スポーツで培った「底力」が魅力なのか、部の人脈に対する期待なのか――。体育会学生に対する企業のニーズは高い。体育会ならではの現場で活きる能力が評価されているようだ。
体育会学生向けの就職支援や企業の採用コンサルティングを行う「アスリートプランニング」によると、体育会学生は全学生の約8%、4万~5万人いるという。昨秋、今春卒業予定の体育会学生263人を対象に「就活振り返り調査」を実施すると、2割の学生が5社以内の面接で内定を決め、3割強は6~10社の面接で内定を決めていた。ふつうは何十社も面接して内定にたどりつくのに、体育会学生は早々に就活を終える傾向があるようだ。
なぜか。調査の回答から企業にもてる理由が見えてくる。「部活について話すと明るさや礼儀正しさをほめてもらえた」「体育会だから有利というわけではないが、大学生活の中で本気で何かに取り組んだことは高く評価してもらえた」などなどだ。
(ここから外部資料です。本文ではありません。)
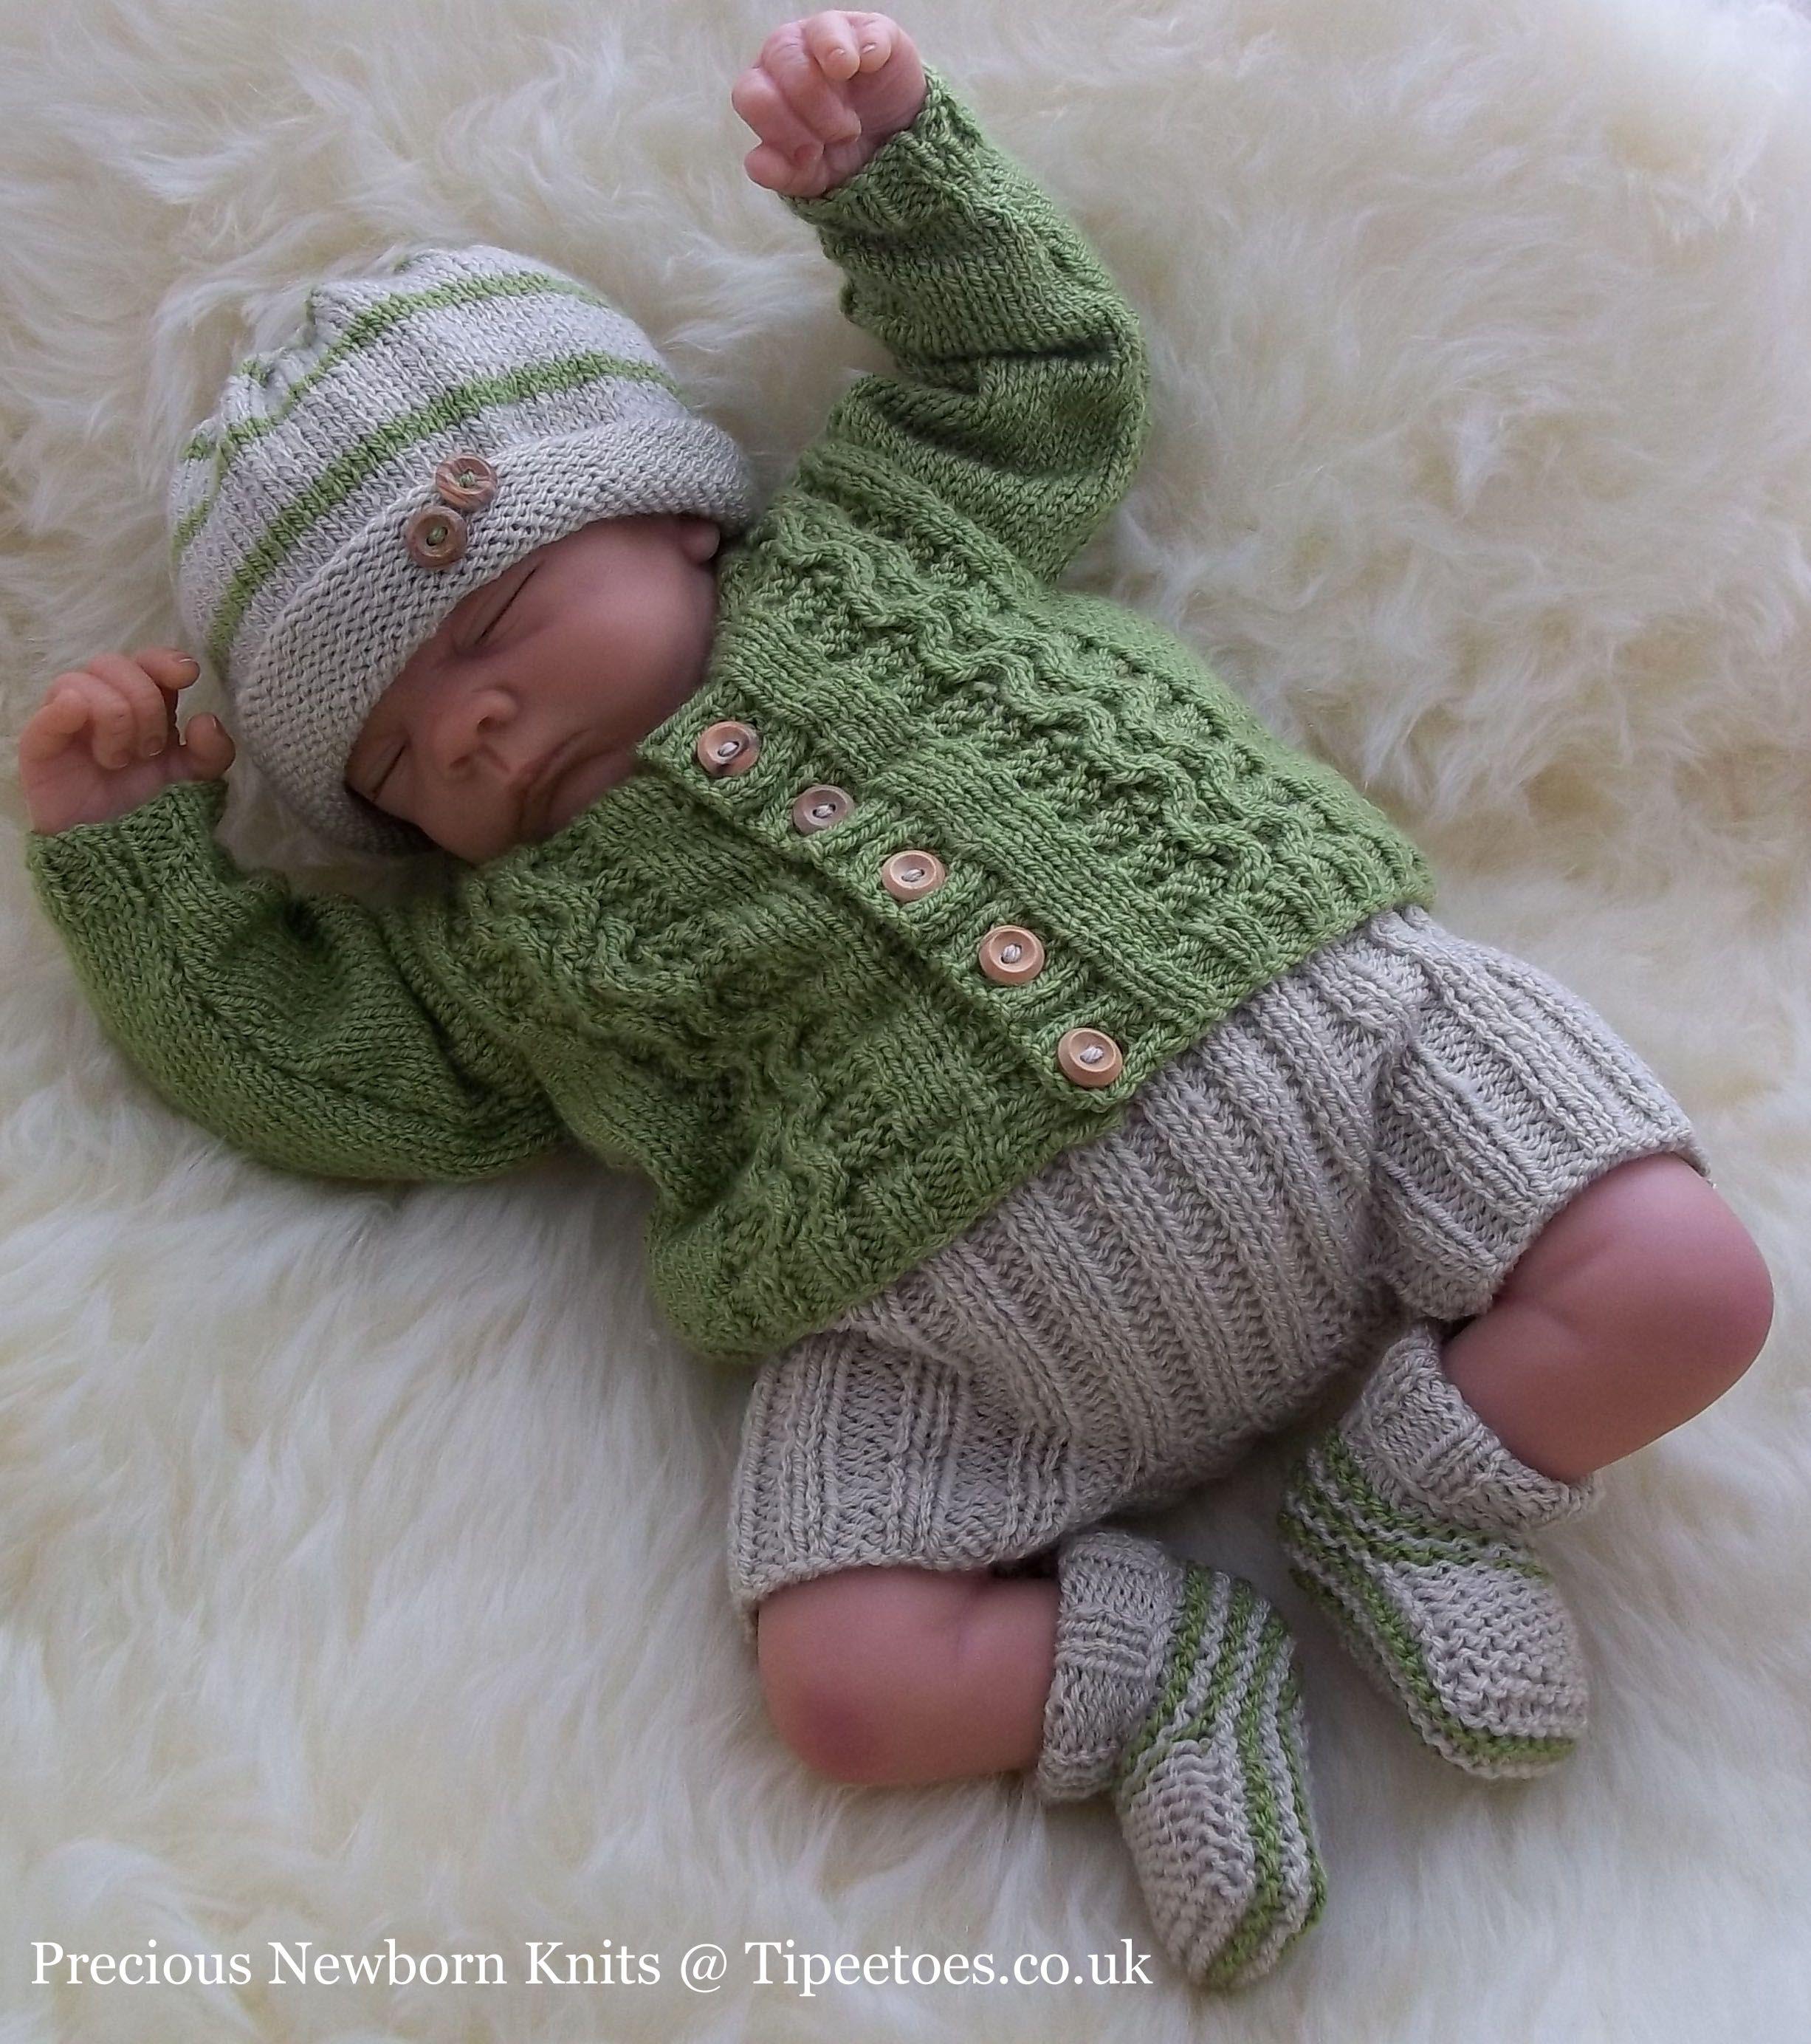 Baby Knitting Pattern TO KNIT Boys Reborn Dolls Cardigan Trousers ...

「部活は仕事と似ている部分がある」という回答もあったが、実際、試合で培った瞬発力は、体育会学生の強みだ。
サントリースピリッツのウイスキー戦略部スペシャリスト、佐々木太一さん(43)は、専修大学バレーボール部の出身。1年のときに全日本ジュニア代表に選ばれ、3年からは日本代表入り。サントリーに入社後は、Vリーグ5連覇に貢献した。